Over the past ten years or so, it has become a little more noticeable that the talent level of high school football in Western PA has started to drop. It’s not a slam. It isn’t that there isn’t still plenty of solid players being produced and even stars. But there is definitely less big name talent than in the past.
Some of it is simply the population trends that has the area (and the whole state) losing population. Some of it is simply cyclical as there is a down time in the talent.
Still nothing drove the drop-off home like the P-G’s strange piece on the offensive talent in the region and its impact on college football. The players it hyped were Pitt’s Dion Lewis and Jon Baldwin, WVU’s Noel Devine, PSU’s Evan Royster and Terrelle Pryor of OSU. Of those players, only Baldwin and Pryor are actually from the area. Devine is from Florida, Lewis — New York and Royster is from Virginia.
If one of these players wins the Heisman, it would mark a return to a day when this part of the country turned out the best offensive skill players college football had to offer.

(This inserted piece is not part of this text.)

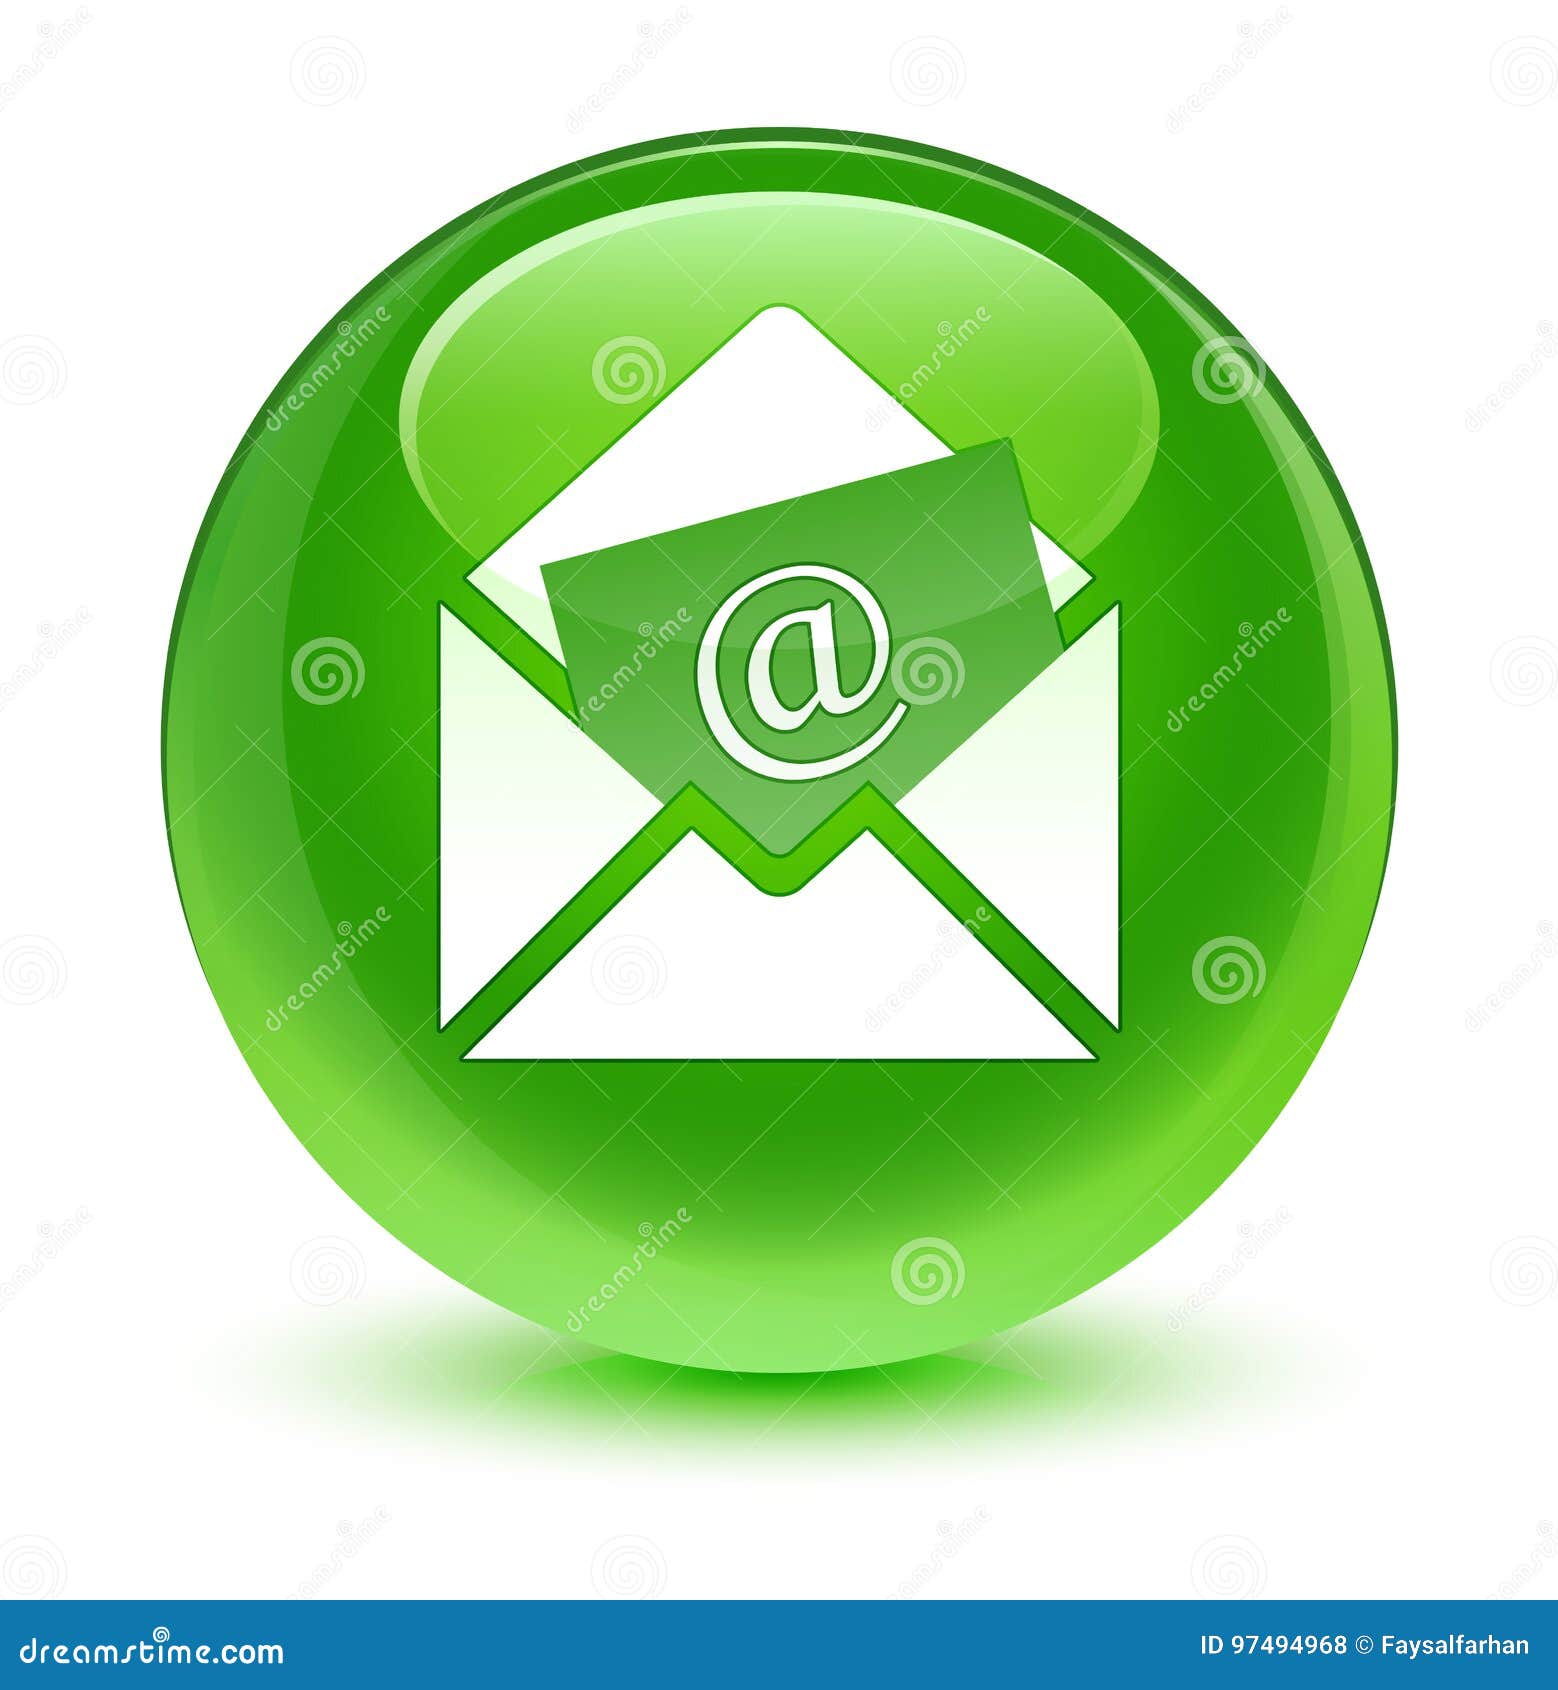 Newsletter Email Icon Glassy Green Round Button Stock Illustration Illustration Of Glassy Icon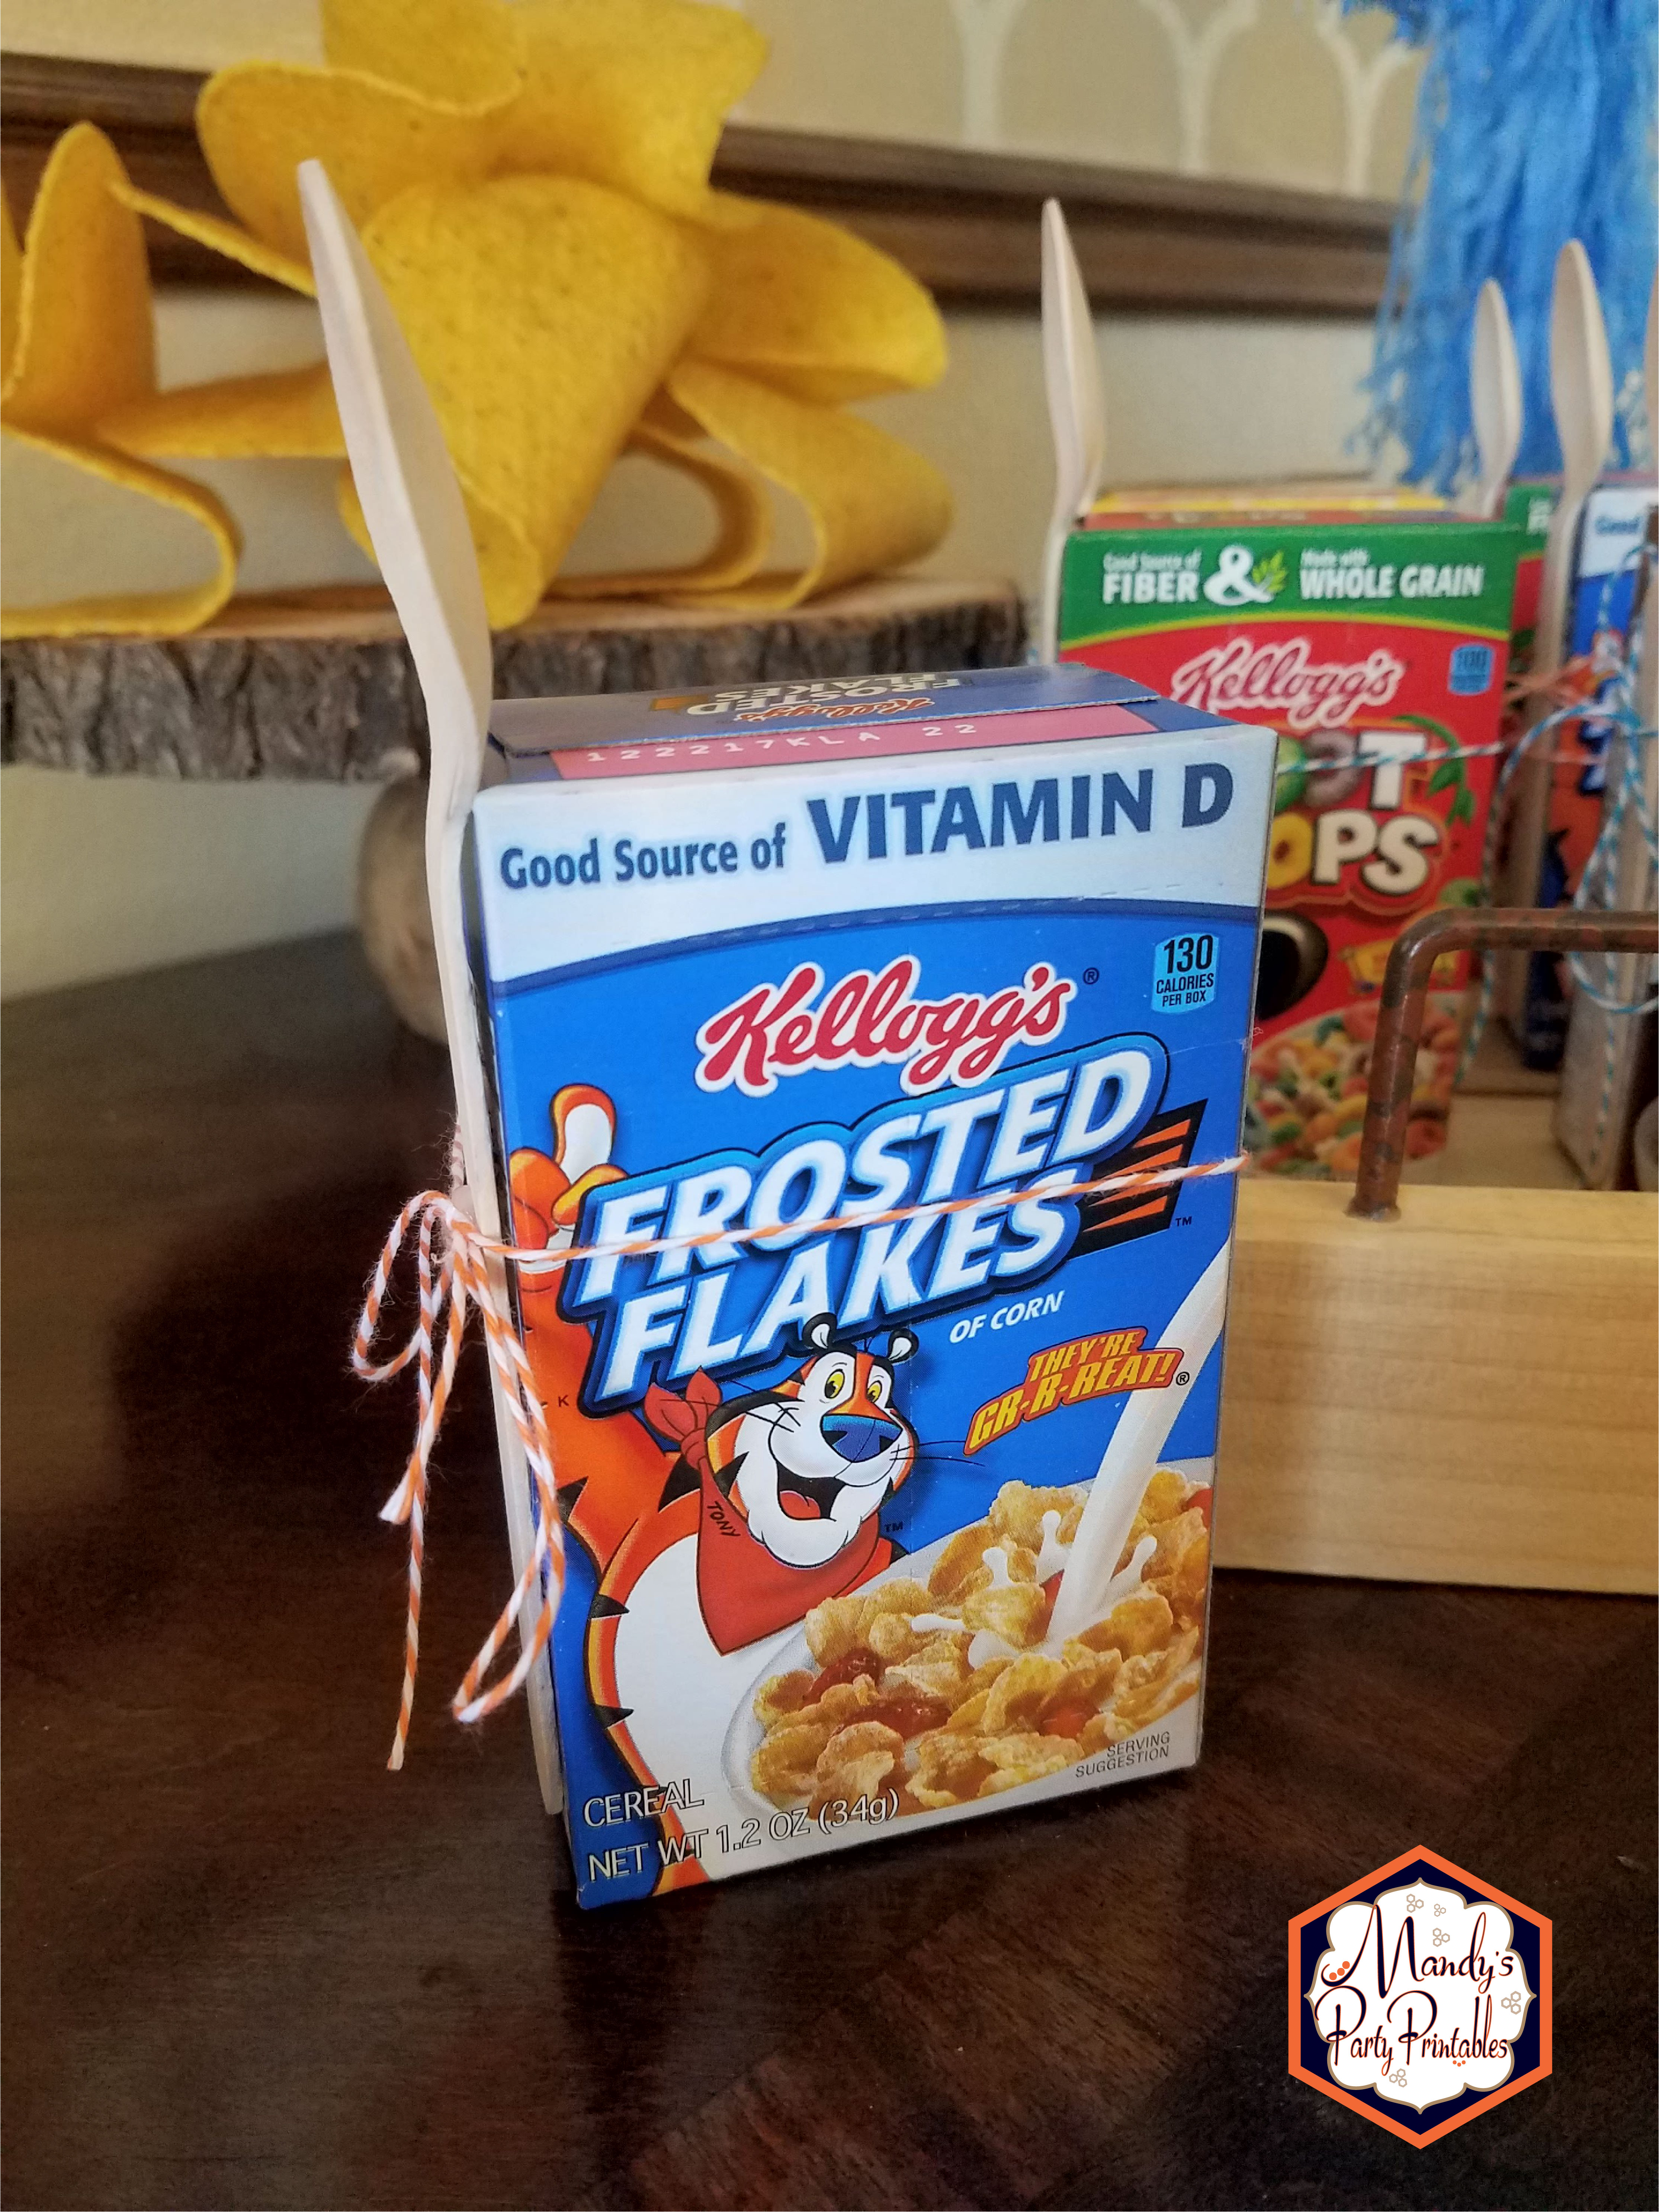 Frosted Flakes cereal box from Good Mythical Morning Inspired Birthday Party via Mandy's Party Printables

Between 1973-76, this region had a firm stranglehold on the Heisman
Penn State running back John Cappelletti won it in 1973, Ohio State running back Archie Griffin grabbed it in 1974 and ’75, and Pitt running back Tony Dorsett claimed it in 1976.
So, um, Western PA is now claiming Columbus and Morgantown?
There’s some excellent talent on the teams the P-G covers, and of course there is plenty of interest in Pryor because of his local ties. Yes, there’s a possibility of seeing the Heisman be tied in to the area this year. Still, couldn’t there have been a less awkward way to shoehorn them into a preview piece?